Two studies related to hepatic enzyme abnormality did not demonstrate
an association with liver disease, and confounding factors (alcohol
abuse, cirrhosis, hepatitis, and other toxic chemicals) were not ruled
out. Studies showing lipid abnormalities did not control for the
confounding variables of obesity and genetic factors, and no medical
significance of the modest and variable increases was demonstrated. The
risk of gastric ulcers in exposed populations was not sufficiently
studied to establish an association with herbicide exposure. Only one
study indicated any increase, and in that study it was difficult to
rule out the many factors (e.g., alcoholism, non-steroidal anti-
inflammatory drugs, and H. pylori infection) known to be associated
with ulcers. (See 59 FR 344-45 for study citations.) In its 1996
report, NAS reviewed two studies of workers at a BASF plant who had
been potentially exposed to TCDD and other chemicals in a plant
accident in 1953 (Ott M.G., Zober A., Germann C., 1994. Laboratory
results for selected target organs in 138 individuals occupationally
exposed to TCDD. Chemosphere 29:2423-2437; and Zober et al., 1994) for
any relationship between herbicide exposure and diabetes. Ott et al.
(1994) showed a marginal elevation in fasting serum glucose levels, but
did not control for obesity. Zober et al. (1994) demonstrated no
increase in diabetes with chloracne severity or TCDD levels, and the
study did not control for obesity. A third study, involving employees
of six chemical factories in Germany (Von Benner A., Edler L., Mayer
K., Zober A., 1994. ``Dioxin'' investigation program of the chemical
industry professional association. Arbeitsmedizin Sozialmedizin
Praventivmedizin 29:11-16) showed no correlation between serum TCDD
levels and blood glucose levels. In its 1996 report, NAS reviewed the
same three studies (Ott et al., 1994; Zober et al., 1994; and Von
Benner et al., 1994) when considering the relationship between
herbicide exposure and hepatic enzyme abnormalities. The noted
increases in abnormal liver function tests or the frequency of chronic
liver disease were confounded by the lack of control for alcohol abuse.
Zober, et al. (1994) found a nonsignificant increase in liver disease
among individuals exposed to dioxin, and Von Benner, et al. (1994)

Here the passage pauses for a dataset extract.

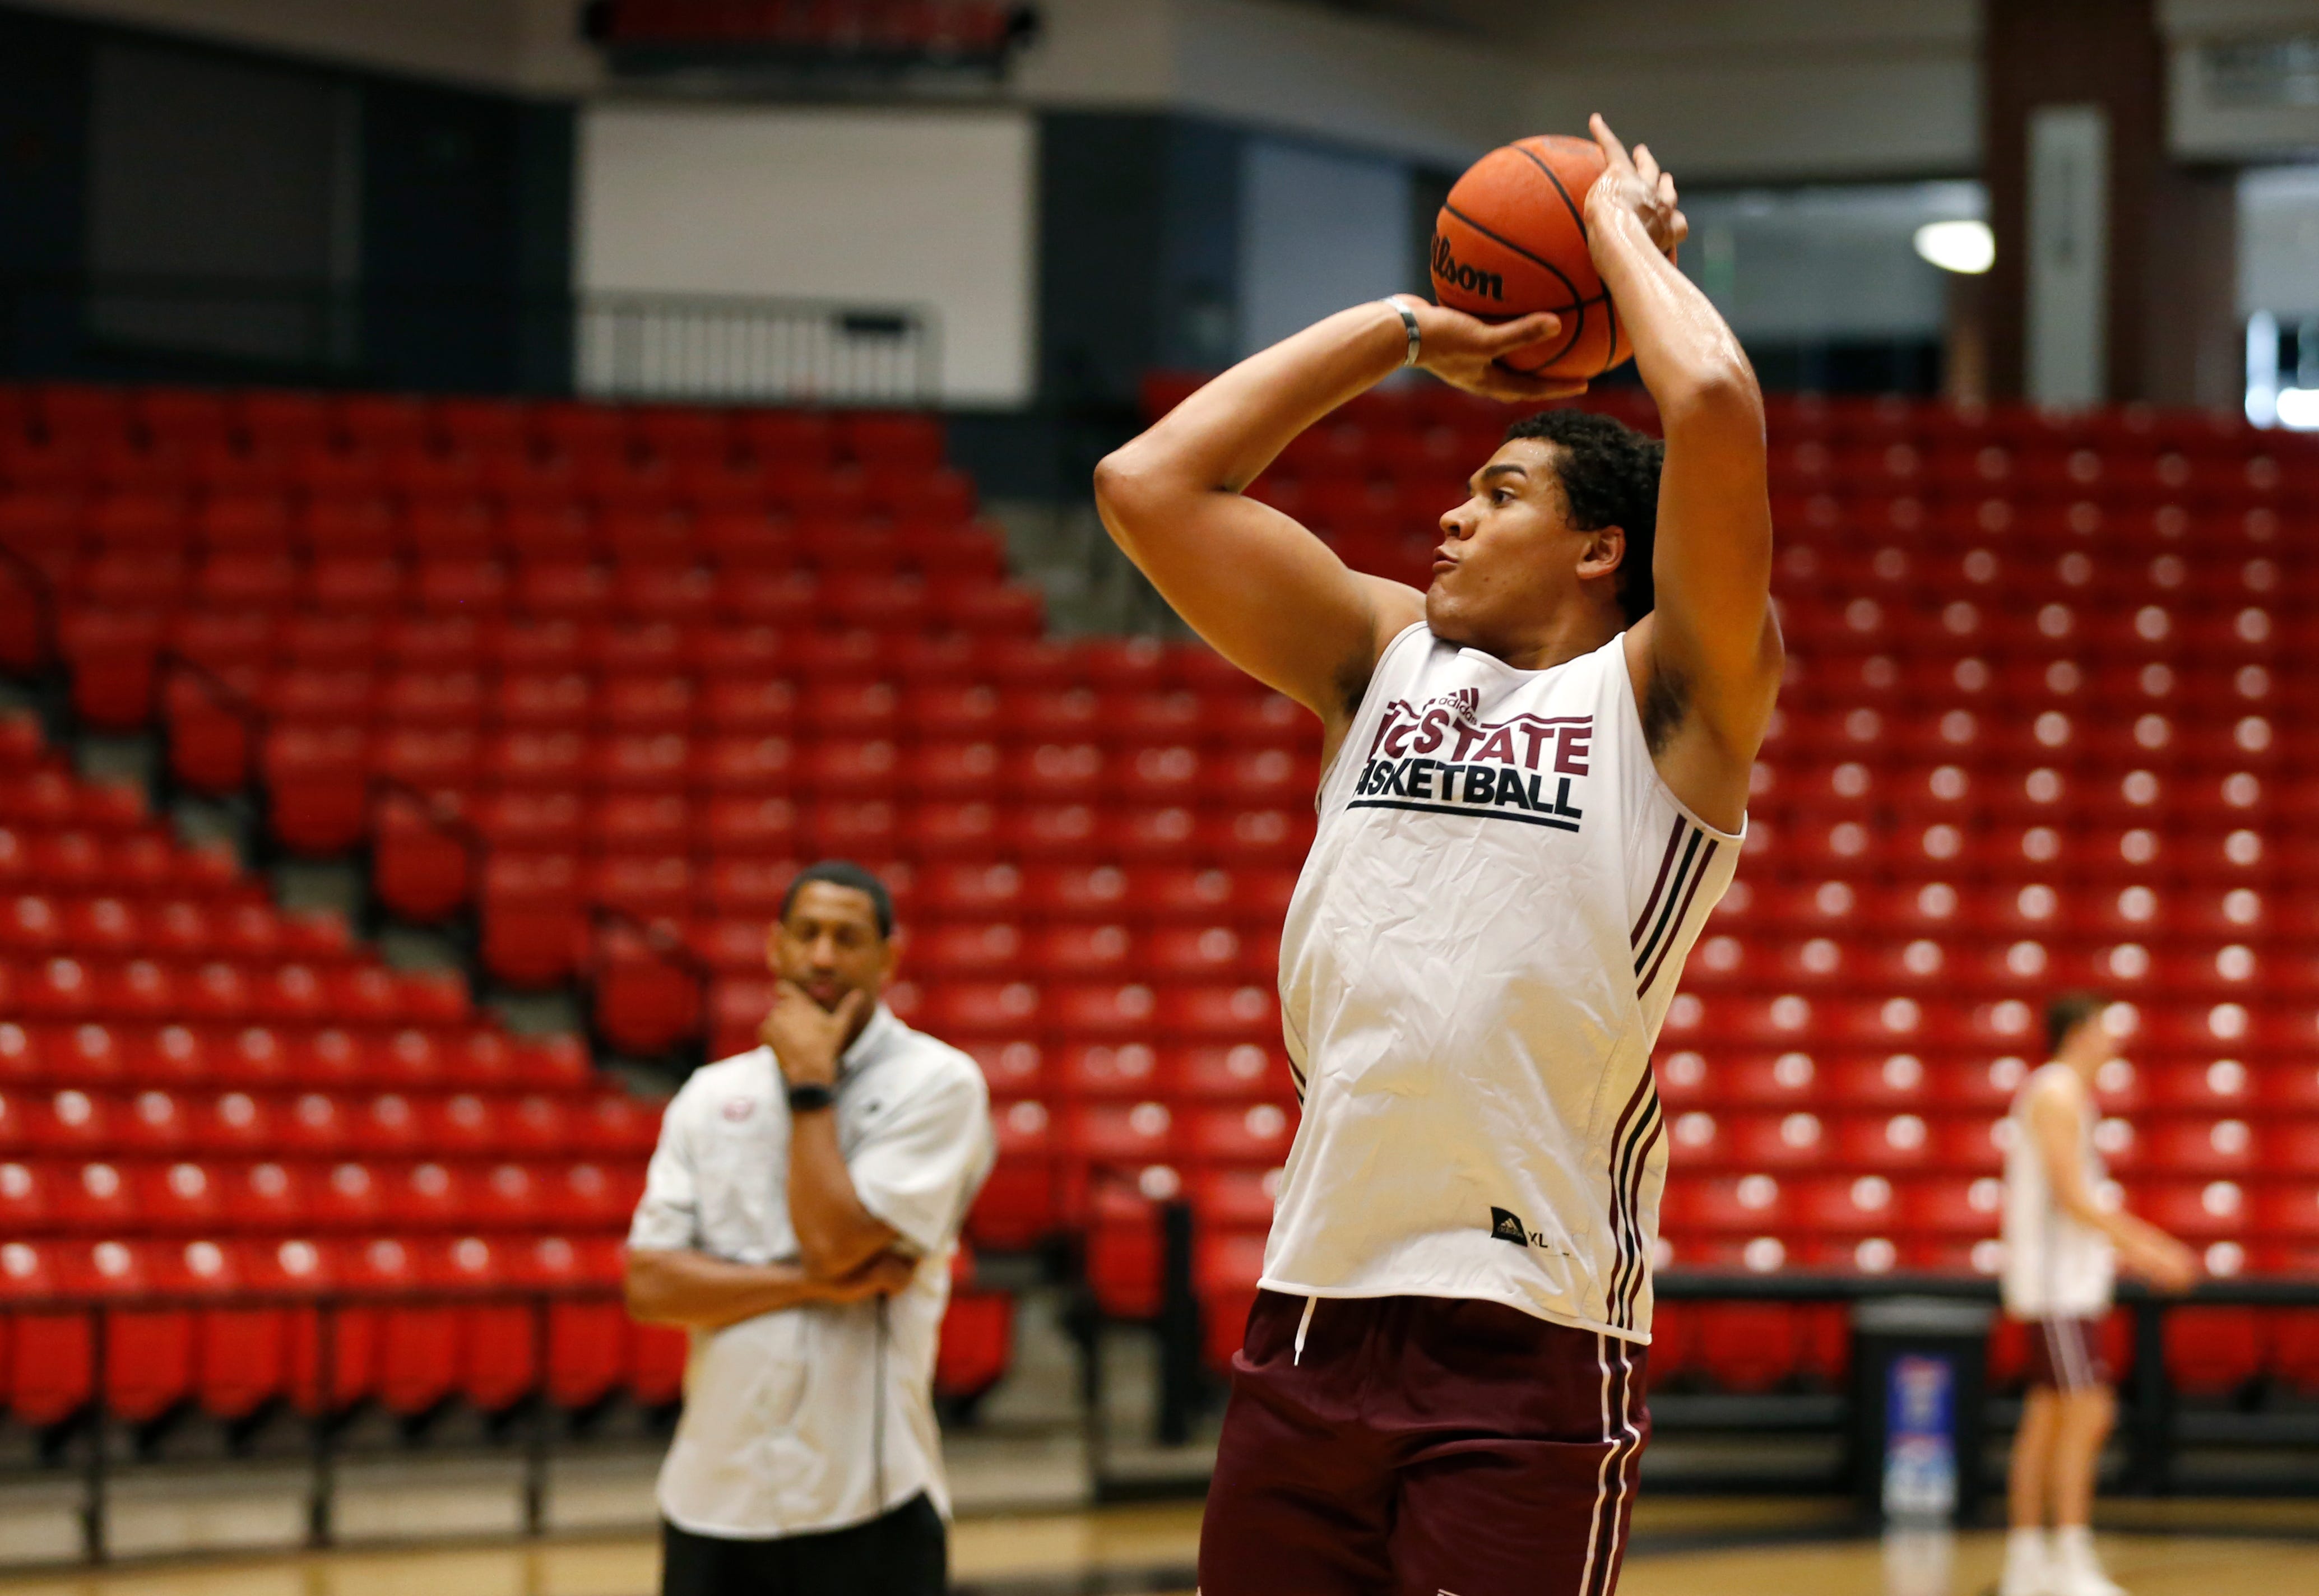 Missouri State basketball player Gaige Prim shoots a basket during practice on Wednesday, July 17, 2019.

found no correlation between serum dioxin levels and abnormalities in
liver function tests. One new study was reviewed in the 1996 NAS report
concerning any association between herbicide exposure and lipid
abnormalities (Ott et al., 1994) and showed no substantial differences
between the exposed and reference groups. The only new study reviewed
in the 1996 NAS report concerning any relationship between ulcers and
exposure to herbicides (Zober et al., 1994) showed no increases in the
frequency of ulcers. Accordingly, the Secretary has found that the
credible evidence against an association between metabolic and
digestive disorders and herbicide exposure outweighs the credible
evidence for such an association, and he has determined that a positive
association does not exist.
NAS found, in its 1993 report, that the available data dealt with
two categories of immune system disorders: immune modulation and
autoimmunity. Many immune parameters were studied; however, few showed
a relationship to herbicide exposure. Most studies addressed such a
wide range of immune parameters that it was likely that at least some
of the positive results were due to chance alone. Other studies found
no relationship between immune system disorders and herbicide exposure.
(See 59 FR 345 for study citations.) NAS noted in its 1996 report that
no new studies of heightened susceptibility to infectious disease or
new studies that investigated the association of autoimmune disease
with exposure to herbicides have been identified. However, some new
information has been published regarding the effects of TCDD on
immunological parameters in laboratory measurements. The new studies
(Ott et al., 1994; Von Benner et al., 1994; Jansing P.J., Korff R.,
1994. Blood levels of 2,3,7,8-tetrachlorodibenzo-p-dioxin and gamma-
globulins in a follow-up investigation of employees with chloracne.
Journal of Dermatological Science 8:91-95; Svenson B.G., Hallberg T.,
Nilsson A., Schutz A., Hagmar L., 1994. Parameters of immunological
competence in subjects with high consumption of fish contaminated with
persistent organochlorine compounds. International Archives of
Occupational and Environmental Health 65:351-358; Neubert R., Maskow
L., Webb J., Jacob-Muller U., Nogueira A.C., Delgado I., Helge H.,
Neubert D., 1993. Chlorinated dibenzo-p-dioxins and dibenzofurans and
the human immune system. 1. Blood cell receptors in volunteers with
moderately increased body burdens. Life Sciences 53:1995-2006; and
Neubert R., Maskow L., Delgado I., Helge H., Neubert D., 1994.
Chlorinated dibenzo-p-dioxins and dibenzofurans and the human immune
system. 2. In vitro proliferation of lymphocytes from workers with
quantified moderately increased body burdens. Life Sciences 56:421-436)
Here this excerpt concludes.